Pfthb

I am a bit puzzled why the output is a certain way on the following program.

 data a;
 input name$ lv @@;
 cards;
 Frank 1 Joan 2 Sui 3 Burt 4 Kelly . Juan 1
 ;
 data b;
 set a;
 if lv=.
 then expertise='?';
 else if lv=1 
 then expertise='L';
 else if lv=2 or 3 
 then expertise ='M';
 else expertise ='H';
 run;
 proc print data=b;
 run;

In the program above, I am expecting that the output for the observation containing Burt has expertise of value H, but for some reason it is M.

I was thinking that the if statement should be lv=(2 or 3) but when I do that now those that I am thinking that the lv= 2 and lv=3 whose expertise should equal M now becomes H as well.

*This is probably explained by the fact that the syntax is inappropriate, and lv is never (2 or 3) /I am not sure why this does not cause an error/ thus the ELSE statement is executed.

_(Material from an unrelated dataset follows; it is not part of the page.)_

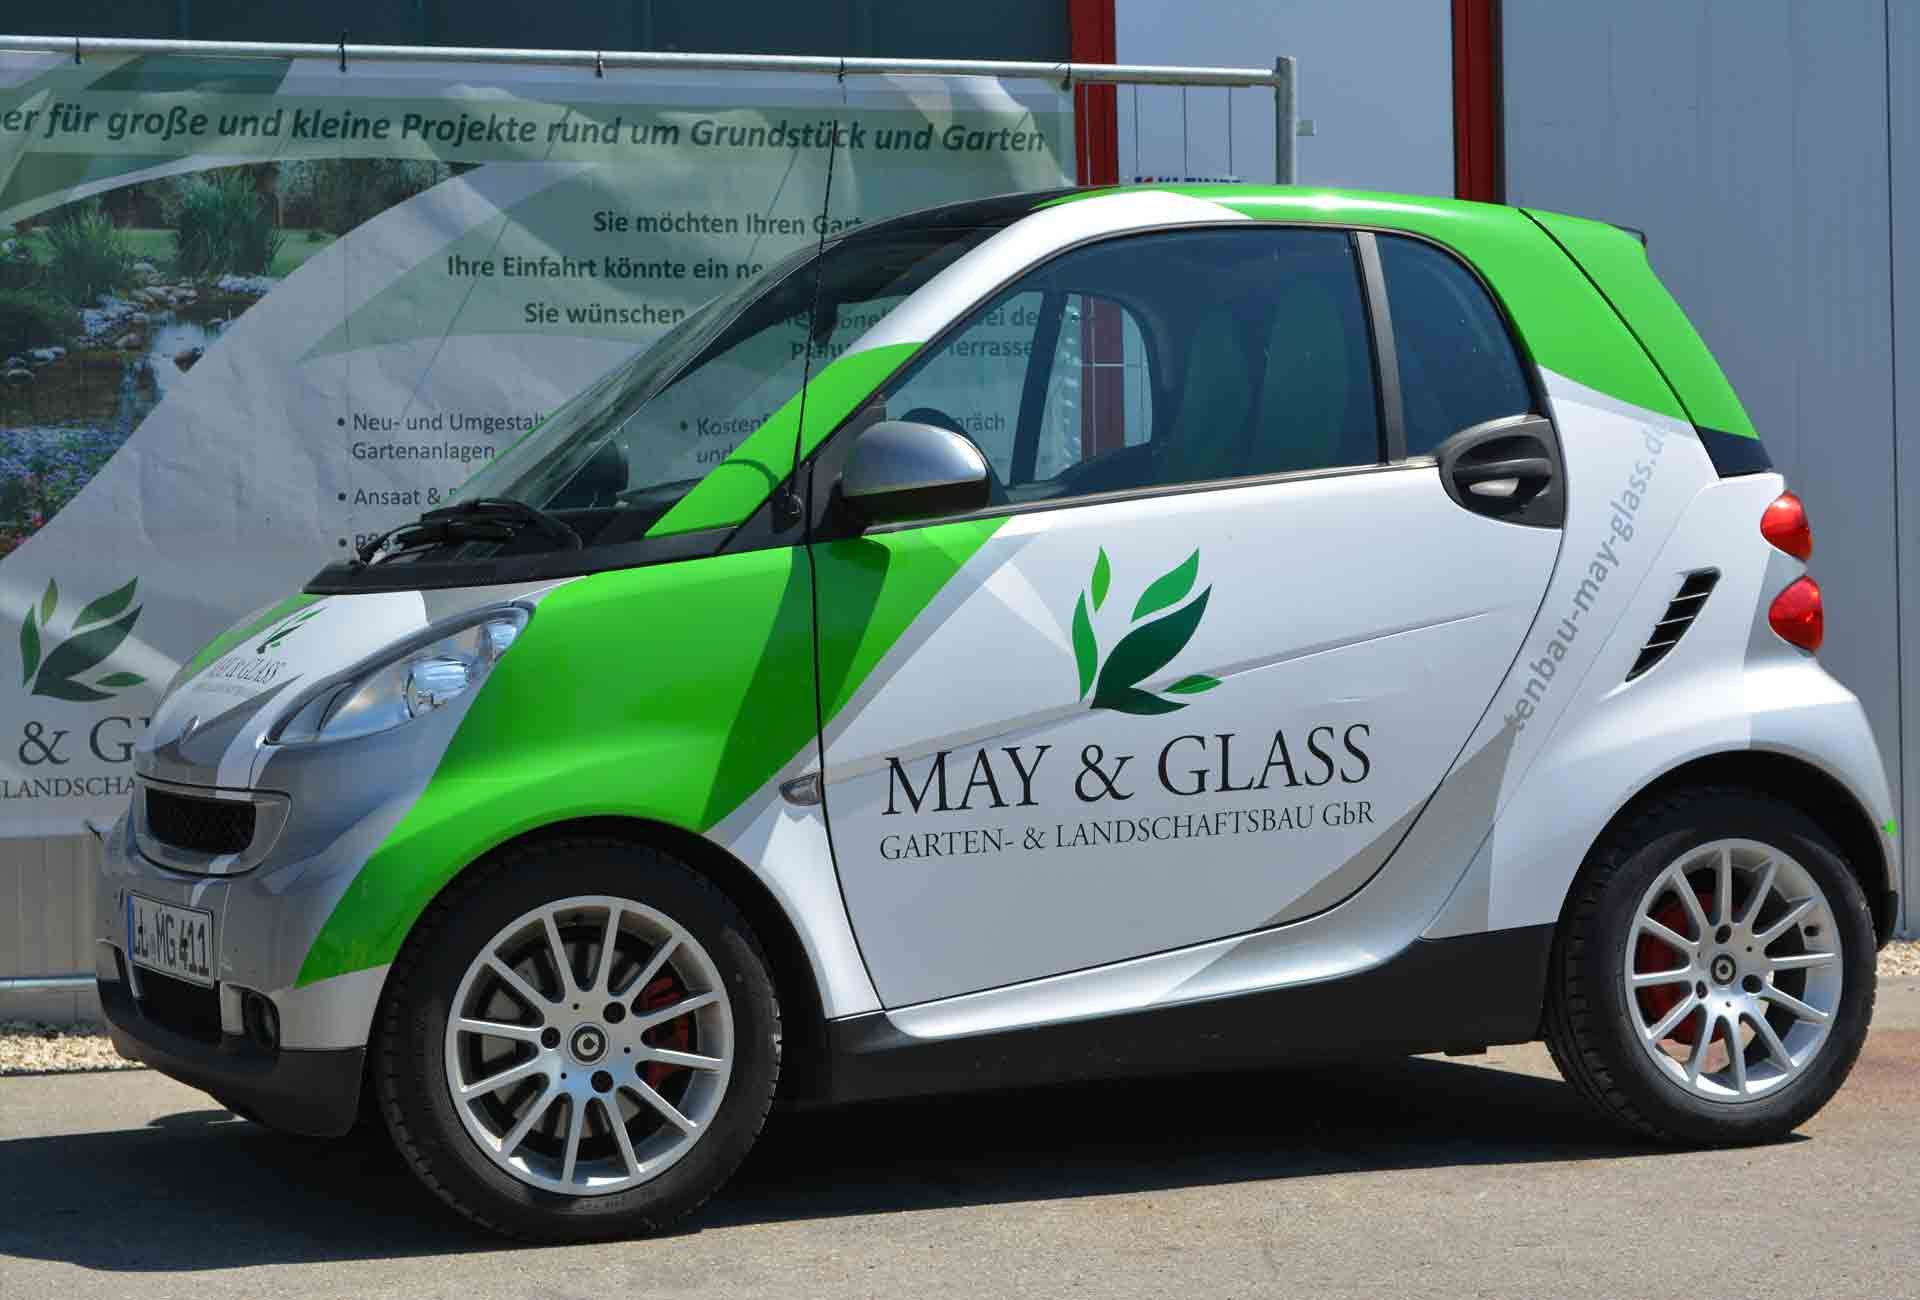 May & Glass - Gartenbau Landsberg

I have a feeling that I am not understanding how the ELSE is really working.

However, according to that logic then if the lv=2 part is recognized but the others are not, I am not sure why the lv= 3 and lv=4 does not produce an H.

My goal is to understand why the program runs as if there is no syntax error and why the output is what it is.

Your mistake is here

If lv = 4 or 0 

You think this means

If lv = 4 or lv = 0

But it doesn’t. What actually happens is

If (lv = 4) or 0

In SAS 0 is false and any number greater than 1 is true. Not sure about decimals. Anyways. The or condition makes this one false. But in your first example, it makes it always true.

Your syntax is incorrect, but not illegal, so SAS did what you asked for instead of what you wanted. The condition lv=2 or 3 is evaluated from left to right. So lv=2 will result in either 1 or 0 depending whether the value of lv is 2 or not. But both 1 or 3 and 0 or 3 will be true since 3 is always considered true.

What you really want is the in operator.

if missing(lv) then expertise='?';
else if lv=1 then expertise='L';
else if lv in (2 3) then expertise ='M';
else expertise ='H';